Chereads / MISS EVA / Chapter 23 - Billionaires' club

Chapter 23 - Billionaires' club

The new bodyguard that had been imposed on me drove me to meet Xavi for breakfast at a cafe not so far away from Santa Fe. Being driven around wasn't as bad as I had imagined. I mean, I still feared for my privacy but that was a problem for some other day. Or right then.

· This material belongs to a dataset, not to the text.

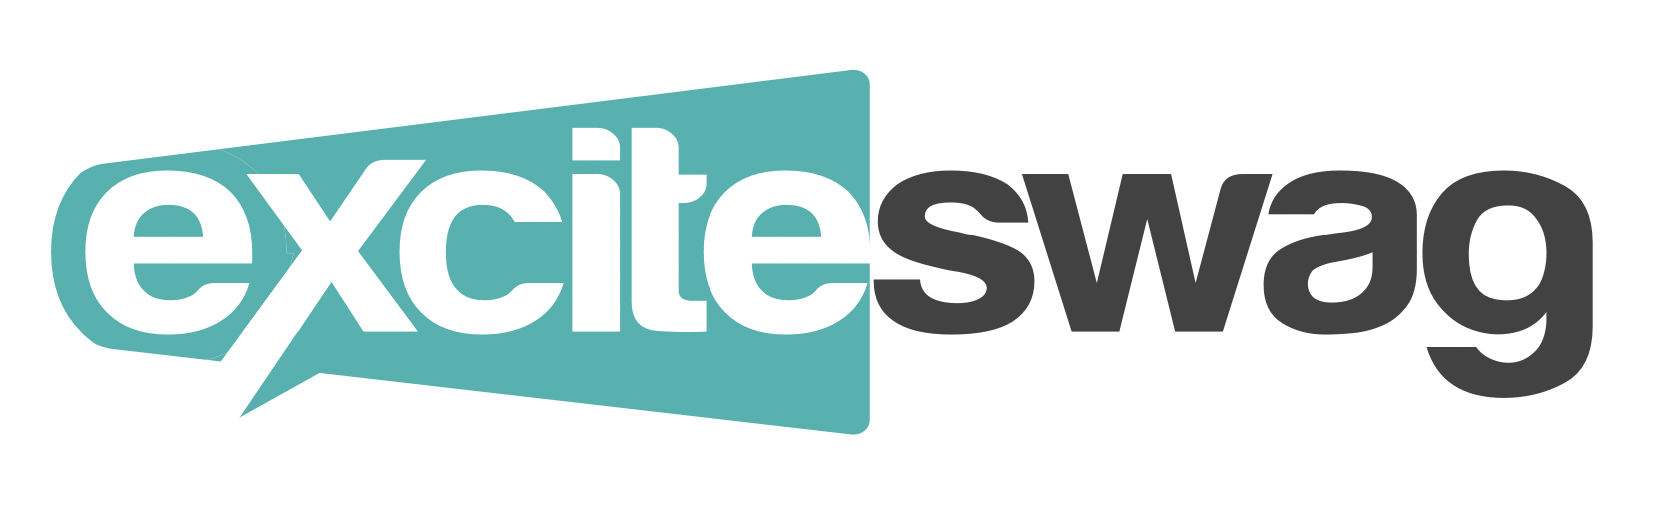 Excite Swag Company's Logo

"Bolivar, can you be discreet? "I found myself asking. "Don't worry Miss Eva, it comes with the job description. I'll report to Mr Gonzalez only what I need to," he said and a smile formed at the corners of my mouth. It was everything I hoped to hear. Little did I know that it was the beginning of a formidable friendship. "Thank you," I said from the backseat. "Just doing my job miss," he said as he pulled up in the driveway at the cafe. He helped me get out of the car and I entered the cafe. Xavi was already there, such the timekeeper! He got up from his seat to give me a hug. "Good morning Xavi," I greeted him with so much ecstasy but that didn't prevent a frown from forming on his face. "You're really gonna call me by my first name? Forever?" He asked.             "No, just until I forgive you," I joked and he laughed. "Okay, that's fair," he said.       "So, how's everything going? And by everything I mean the cancer treatment. That's why you are stepping down from the winery, right?" I asked. "Yeah, I'm hanging in there you know!" He said and took a sip of his iced Mexican mocha. "Hey, waiter! A creamy horchata for her," he said and minutes later, the waiter returned with my favorite coffee. Silence had prevailed for a couple of minutes and it made me guess that Xavi didn't want to discuss his cancer. "I'm sorry I gave you shit about your parenting yet you were dealing with your own problems," I apologized to him and meant every word. "No, sweetheart. I'm the parent here. I was supposed to take care of you but instead, I took my pain out on you. There's no excuse for that," he said.     "Cut yourself some slack. I turned out okay," I said.                         "Did you?" He questioned and we burst out laughing.                        "It's just a little drug addiction problem. Nothing we can't fix, "I whispered an assurance. He smiled.                                                    "If you ever want to talk about the cancer thingy, I'll be here to listen. Not as your daughter but as your friend. Xavi and Eva," I said to him.                      "Xavi and Eva. I like that," he said and it felt like he was approving my 'calling him by his first name'.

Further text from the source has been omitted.